What we take from this is the following: it is up to the issuer to ensure the exemption claimed actually applies (and, after the recent amendments, to also get a signed risk acknowledgement form if selling to an individual). It is not enough to merely ask an investor if they are accredited more steps must be taken. However, if an issuer does take reasonable steps to satisfy itself that the exemption claimed applies, it may avoid a finding of liability, even if it turns out the exemption failed for one investor (or perhaps more than one). This will depend on the steps taken in the circumstances.
Interestingly, the ASC made the findings in Campbell without hearing from Mr. Campbell. Normally, in order to satisfy a due diligence defence, one would expect detailed evidence from the principle of the issuer as to all the steps that were taken.
This leads us to the second takeaway: following the language quoted above, it appears the ASC took the view that once an Issuer has shown it has taken some steps to satisfy itself the exemption properly applies, the onus then switches to Staff of the Commission to demonstrate the steps taken were not reasonable in all the circumstances.
The lesson to be learned is this: an issuer must take reasonable steps to ensure an exemption is properly available when seeking to avoid the prospectus requirements.
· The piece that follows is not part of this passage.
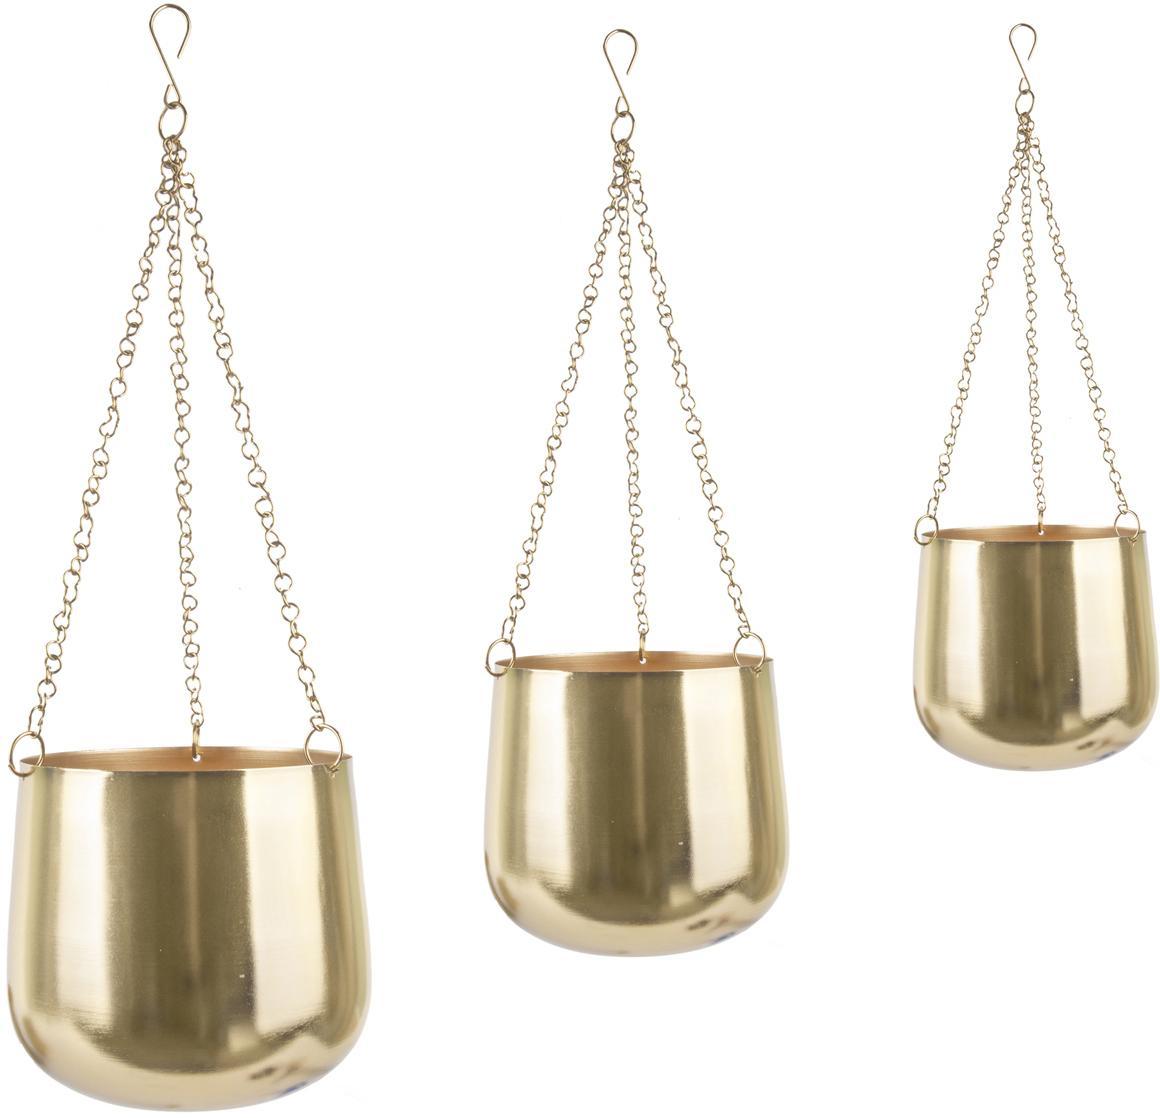 Set de maceteros colgantes de metal Cask, 3pzas., Metal pintado, Dorado, Set de diferentes tamaños

However, if those steps are taken and a Non-Accredited Investor nevertheless “falls through the cracks,” this fact in and of itself may not conclusively lead to a finding of a breach of the Act.
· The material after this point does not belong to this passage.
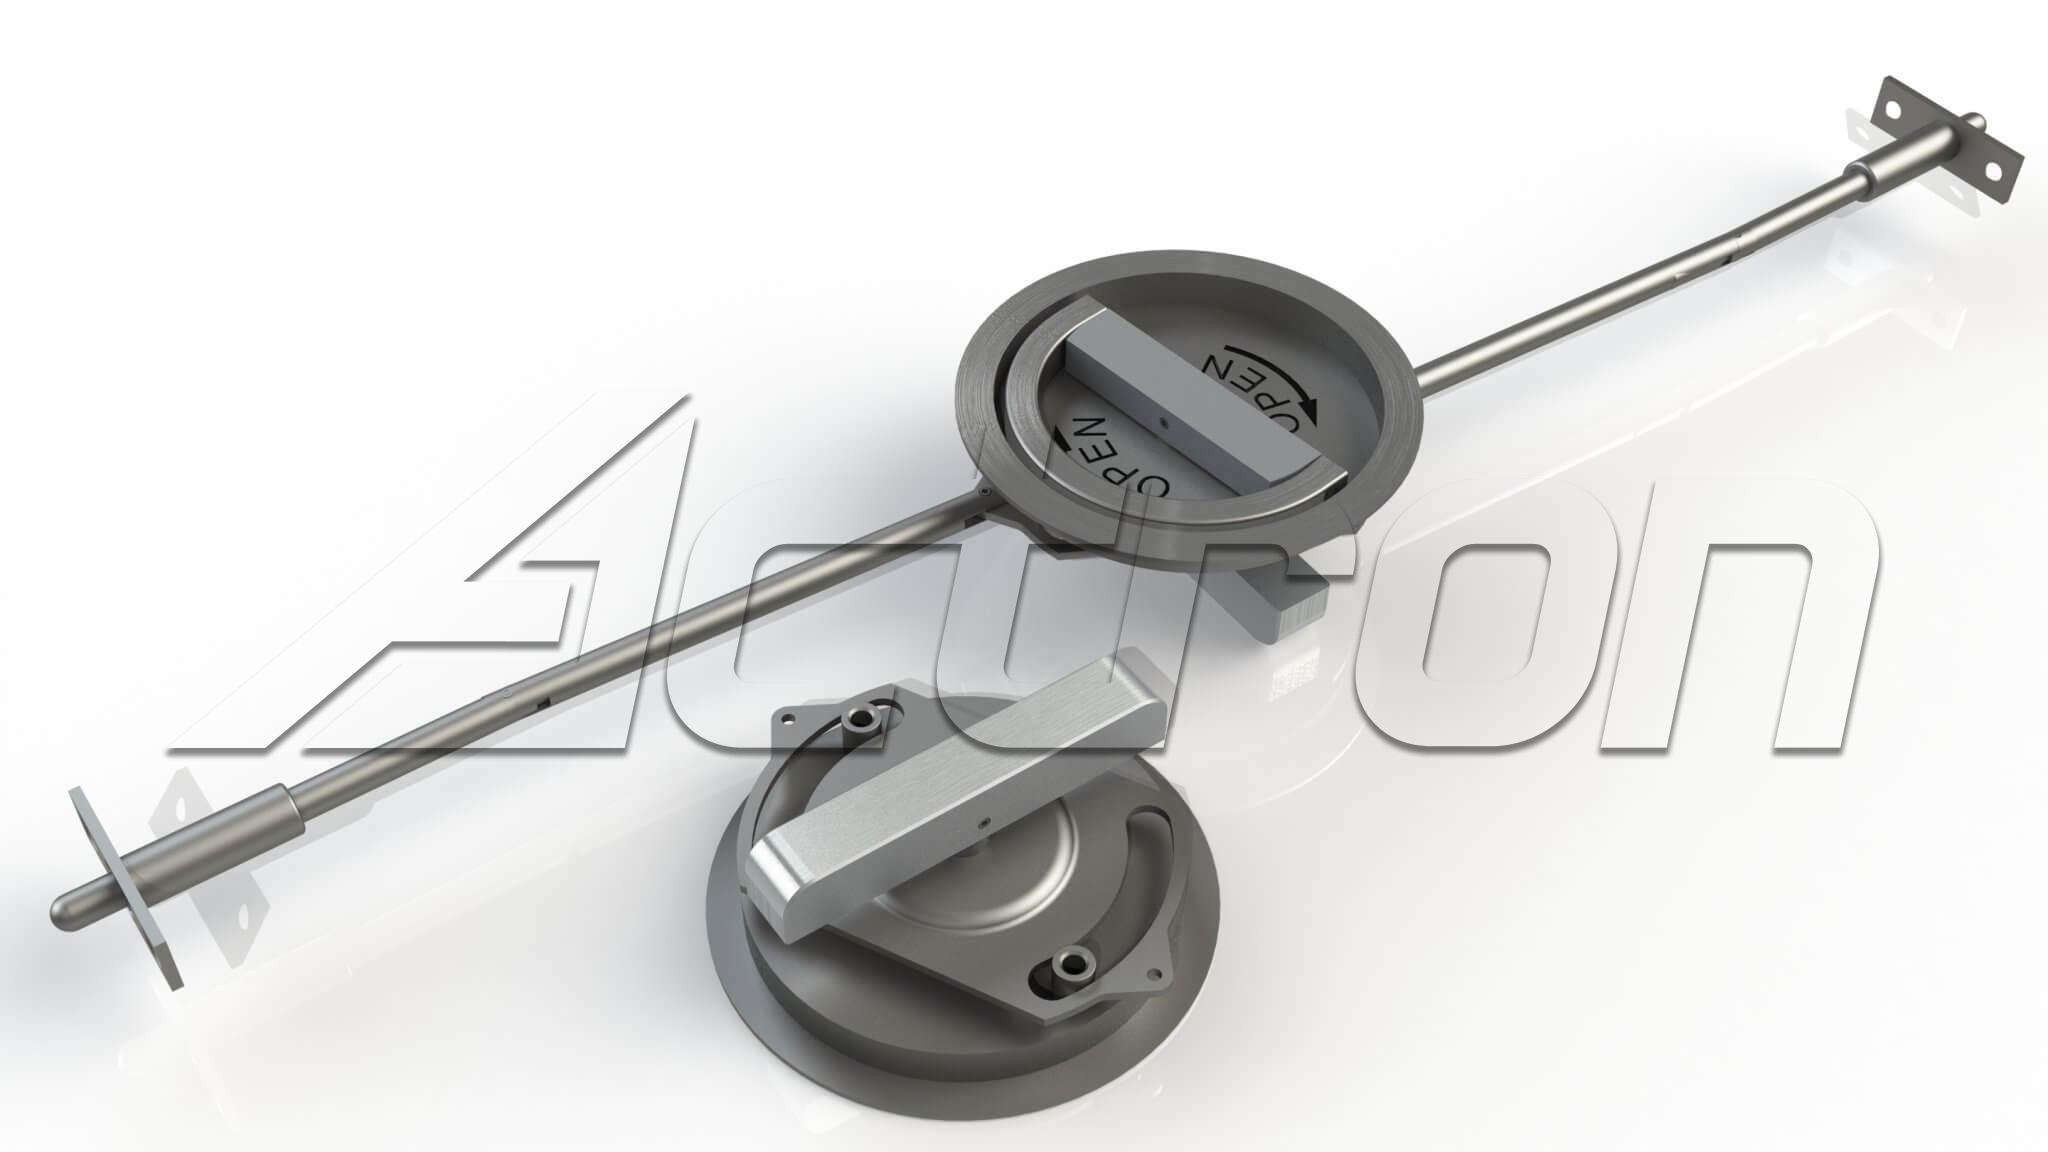 door-bolting-system-8211-d-handle-4480-a39102.jpg

Of course, it is important to recognize that Re: Campbell may be an exceptional case. The prudent course, from a regulatory oversight perspective, is to assume the worst, and take all steps reasonably possible to ensure that an exemption applies and be able to prove that these steps were taken.
 The accredited investor exemption was recently amended on May 5, 2015, adding new requirements for sales to individuals. The amendments took place after the decisions discussed in this paper, but do not alter the analysis.
2 Re Transcap Corporation, 2013 ABCA 201, para. 90.
3 Re Campbell, 2015 ABASC 604.
4 R v City of Sault Ste Marie,  2 SCR 1299.
5 Euston Capital Corp, Re, 2007 ABASC 75.